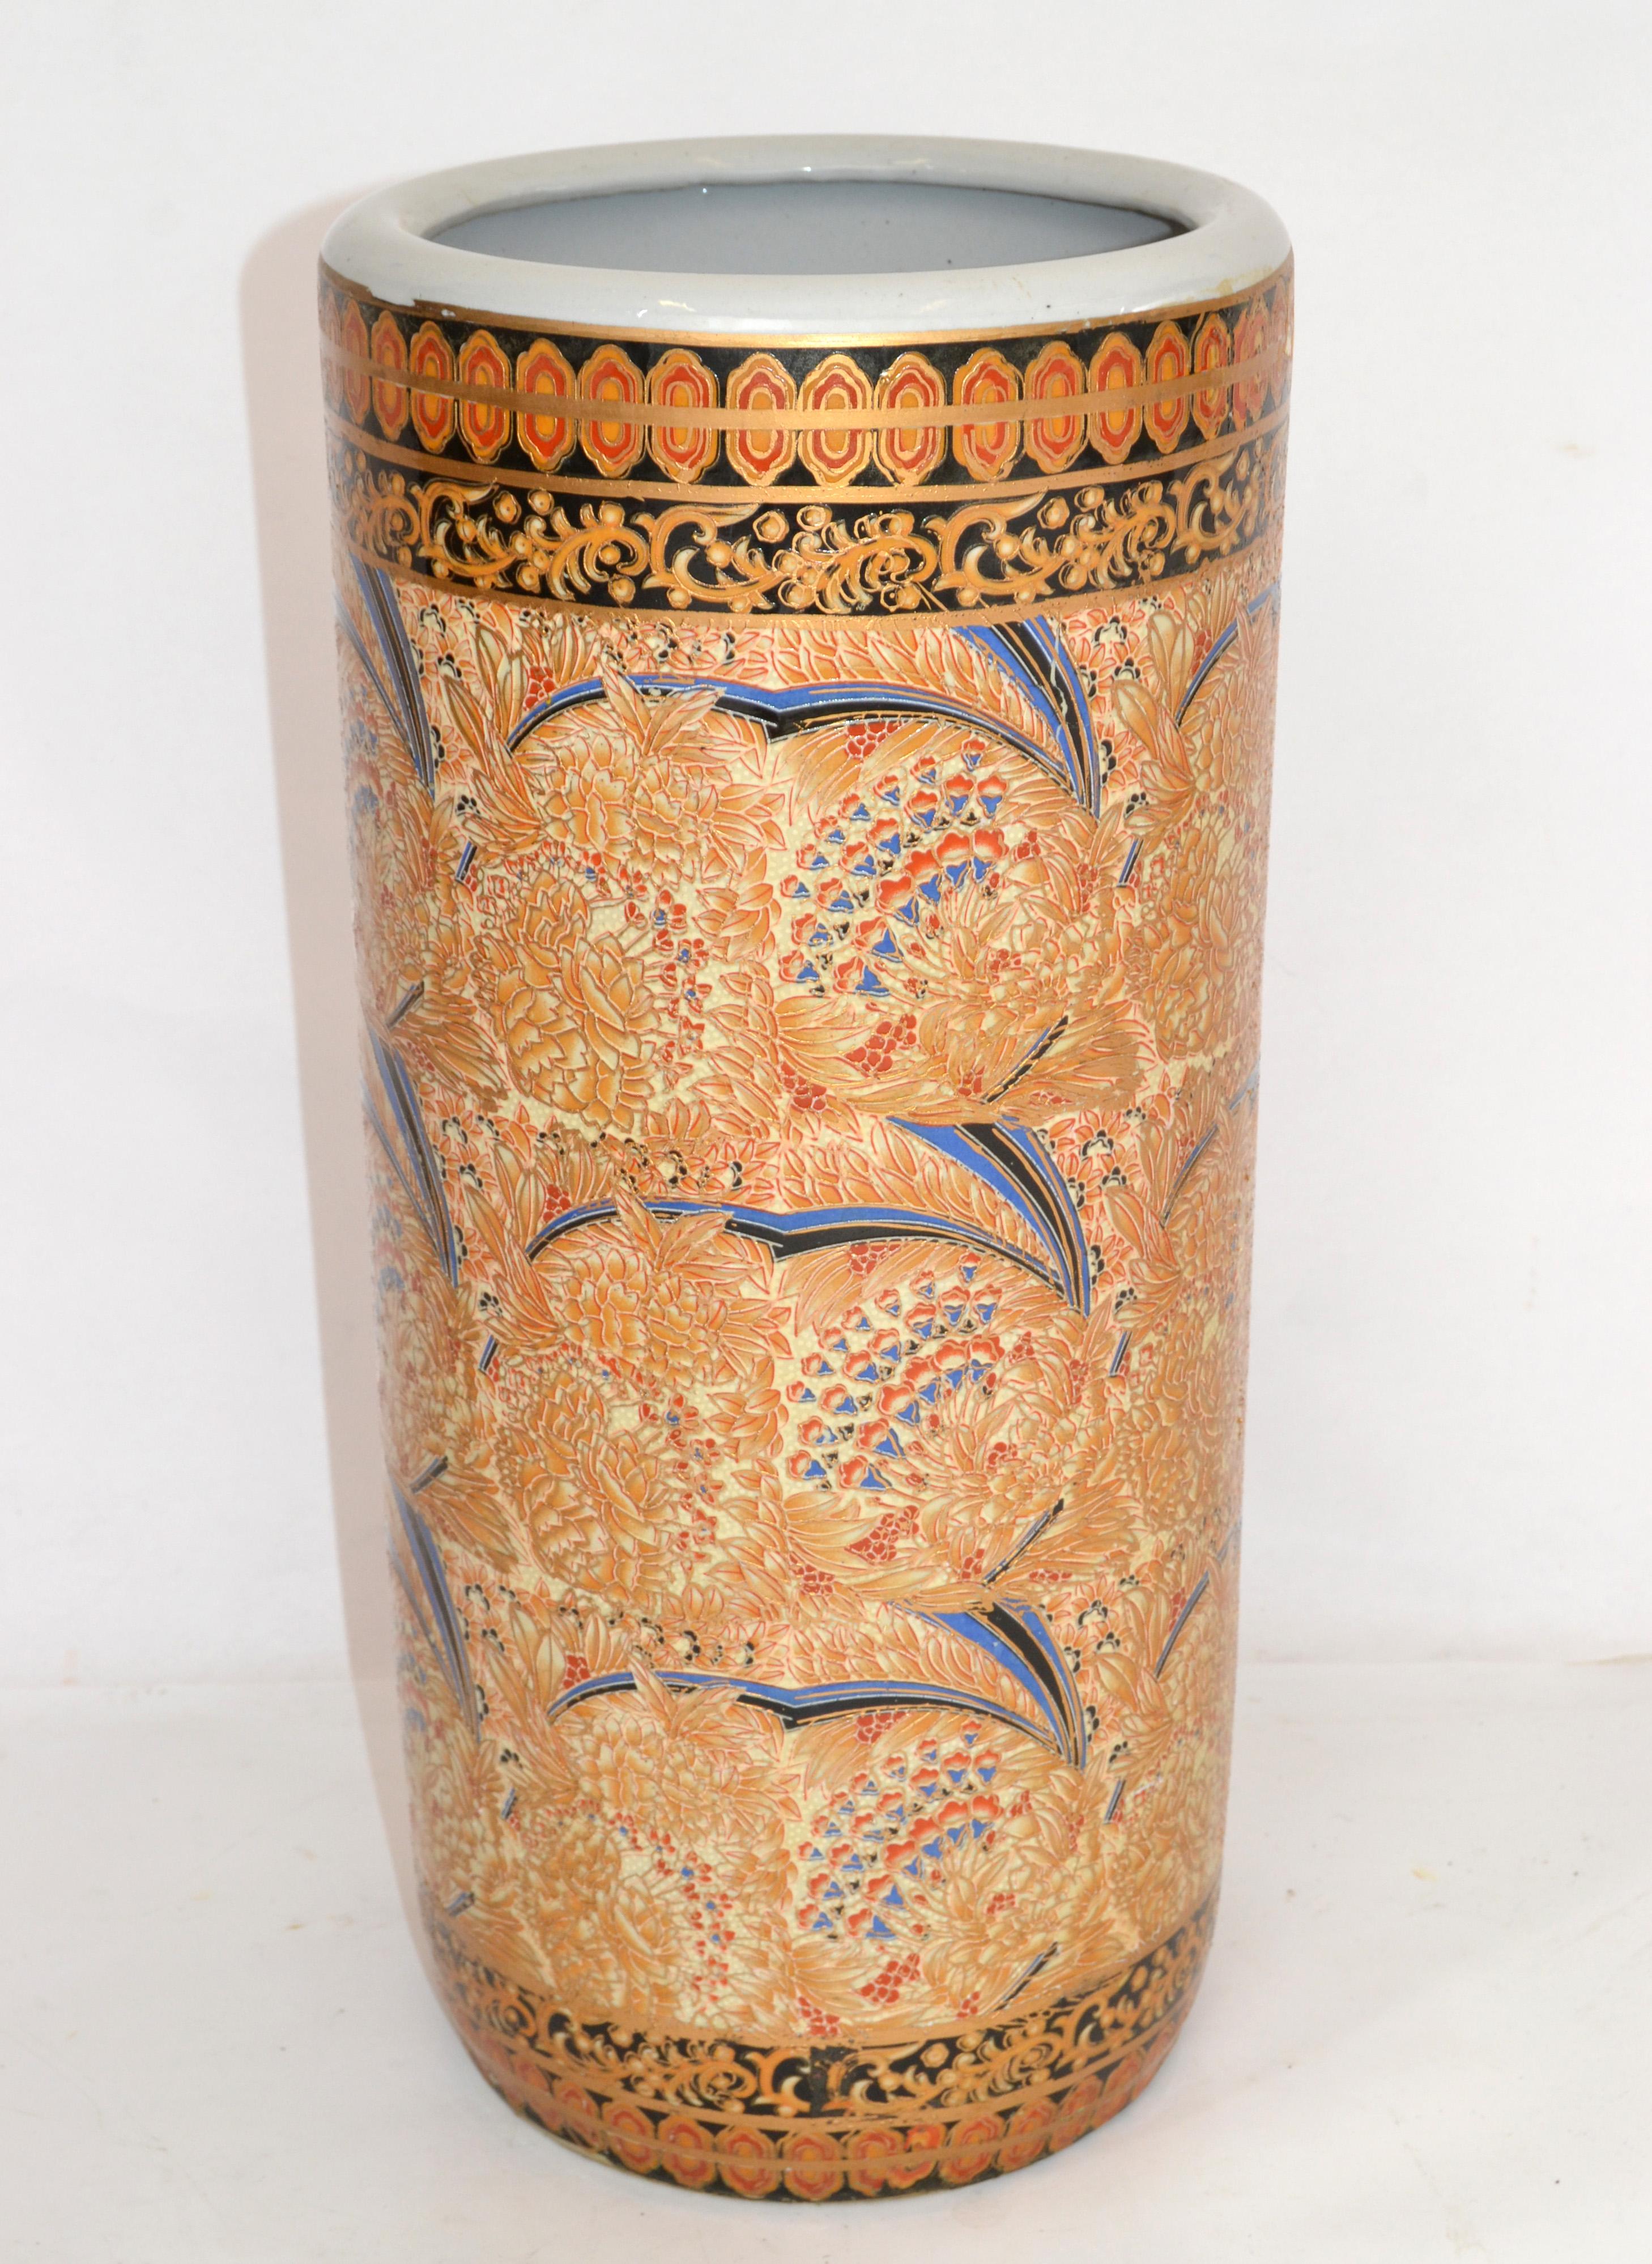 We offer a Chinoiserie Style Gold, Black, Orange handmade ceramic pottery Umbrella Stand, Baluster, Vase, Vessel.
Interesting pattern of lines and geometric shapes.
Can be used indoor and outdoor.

◇ ◇ ◇ ◇ ◇ ◇ ◇

§ **What this task involves**
Since the pictures are not wanted, transcribe the rest of the listing above exactly.

§ **Finished exercise**
 We offer a Chinoiserie Style Gold, Black, Orange handmade ceramic pottery Umbrella Stand, Baluster, Vase, Vessel.
Interesting pattern of lines and geometric shapes.
Can be used indoor and outdoor.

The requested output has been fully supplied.